Так к чему это я вспомнил о полосах и колонках? А к тому, что восприятие содержания невозможно с изолированной вертикальной колонки, вне пусть даже подсознательного восприятия других колонок. Только сложный рисунок рождает соответствующие ассоциации. Конечно, у меня не было никаких шансов найти доктора Сарториуса в списках членов медицинской ассоциации, точно так же как найти Симмонса в припортовых салунах или Мартина Пембертона в его грязной и убогой квартире на Грин-стрит. Прямолинейное мышление не поможет мне разыскать всех этих людей. Однажды утром, просматривая материалы полицейской хроники, я прочитал, что в реке возле пирса на Саут-стрит найдено тело некоего Кларенса (Накса) Гири, возраст которого полиции неизвестен. Если я не ошибся, то именно этого бандита я видел один раз в кабинете Донна. Это объявление прервало ход моих мыслей.
В тот же день я вместе с Донном был в морге — родном доме Донна — боюсь, что это заведение грозило стать и для меня тем же — и смотрел на тело бедолаги Накса: мальчишески-голубые глаза его заволокла мутная пелена. На верхней губе запеклась вытекшая из расплющенного боксерского носа кровь. Зубы были оскалены, словно в последние минуты жизни Накс улыбался. Донн поднял его голову за волосы. У Накса была сломана шея.
— Посмотрите, каков обхват, — сказал Донн. — А теперь обратите внимание на его грудную клетку и на плечи. Он сложен как бык. Даже если застать его врасплох… Вы представляете, какую надо иметь силу, чтобы сломать такую шею?
Я не представлял себе, что Эдмунд Донн может быть таким расстроенным. Но это было действительно так — капитан опечалился, хотя выражалось это просто более угрюмой, чем обычно, бесстрастностью. Он нежно опустил голову на стол. Да, я не оговорился — он действительно обошелся с телом нежно, чего я никак не ожидал от полицейского. Странные существа подчас появляются в нашем городе, словно сорная трава, пробивающаяся сквозь камни мостовой под весенним солнцем. В тот момент Донн был способен рассуждать только о смерти Накса. Я долго ждал, когда он заговорит о нашем общем деле, но он так и не вспомнил о нем. Я был разочарован, признаюсь вам, такой ранимостью Донна. Он был способен думать только об этом отребье, в смерти которого считал себя виноватым. Что бы там ни было на уме у капитана, он сразу начал прикидывать, что могла значить эта смерть и что должна предпринять юстиция. Он вел себя так, словно этот сентиментальный бандит являлся самой важной персоной города.

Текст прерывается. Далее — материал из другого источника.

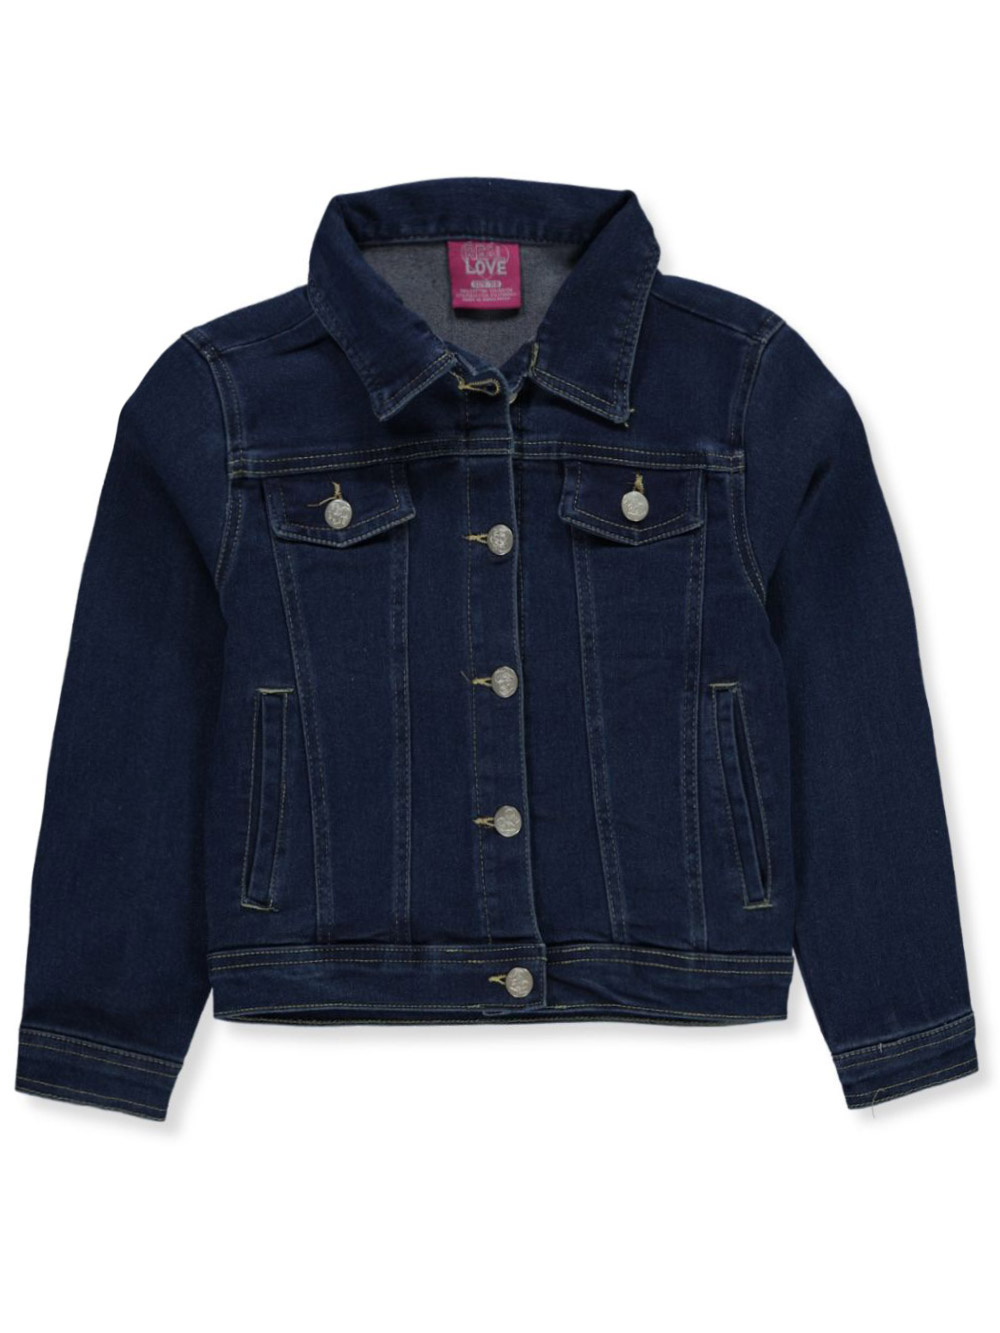 Girls' Embroidered Daisies Jean Jacket - Cat & Jack™ Light Wash : Target

Со своей стороны, я был поставлен в тупик. Мое расследование не подвинулось ни на шаг, хотя после признаний Уилрайта я был уверен, что истина всплывет чуть ли не сама собой. Сейчас же я испытывал только раздражение, видя, с какой легкостью Донн отвлекся от столь важного дела. Я не допускал и мысли о том, что, подобно хорошему газетчику, Донн способен держать в голове сразу несколько вполне достойных сюжетов. Он не стал объяснять мне причины своих действий, но сказал, что ему надо поговорить с мальчишками-газетчиками, со всеми, кого только удастся разыскать. Помню, что я был озадачен таким решением. И вот мы с Донном и сержантом полиции отправились в кондитерскую на Спрус-стрит, где после работы обычно ужинали наши мальчишки.
Кондитерская Дика представляла собой своеобразный клуб этих сорвиголов. Это был подвальчик, куда вели три крутые ступеньки. Зал, уставленный столами и длинными скамейками. У входа — прилавок, где мальчики покупали себе кружку кофе и лепешку с маслом. Когда мы пришли в это злачное место, шел дождь. Погреб, куда мы вошли, вонял керосином, прогорклым маслом и мокрой одеждой тридцати или сорока немытых подростков.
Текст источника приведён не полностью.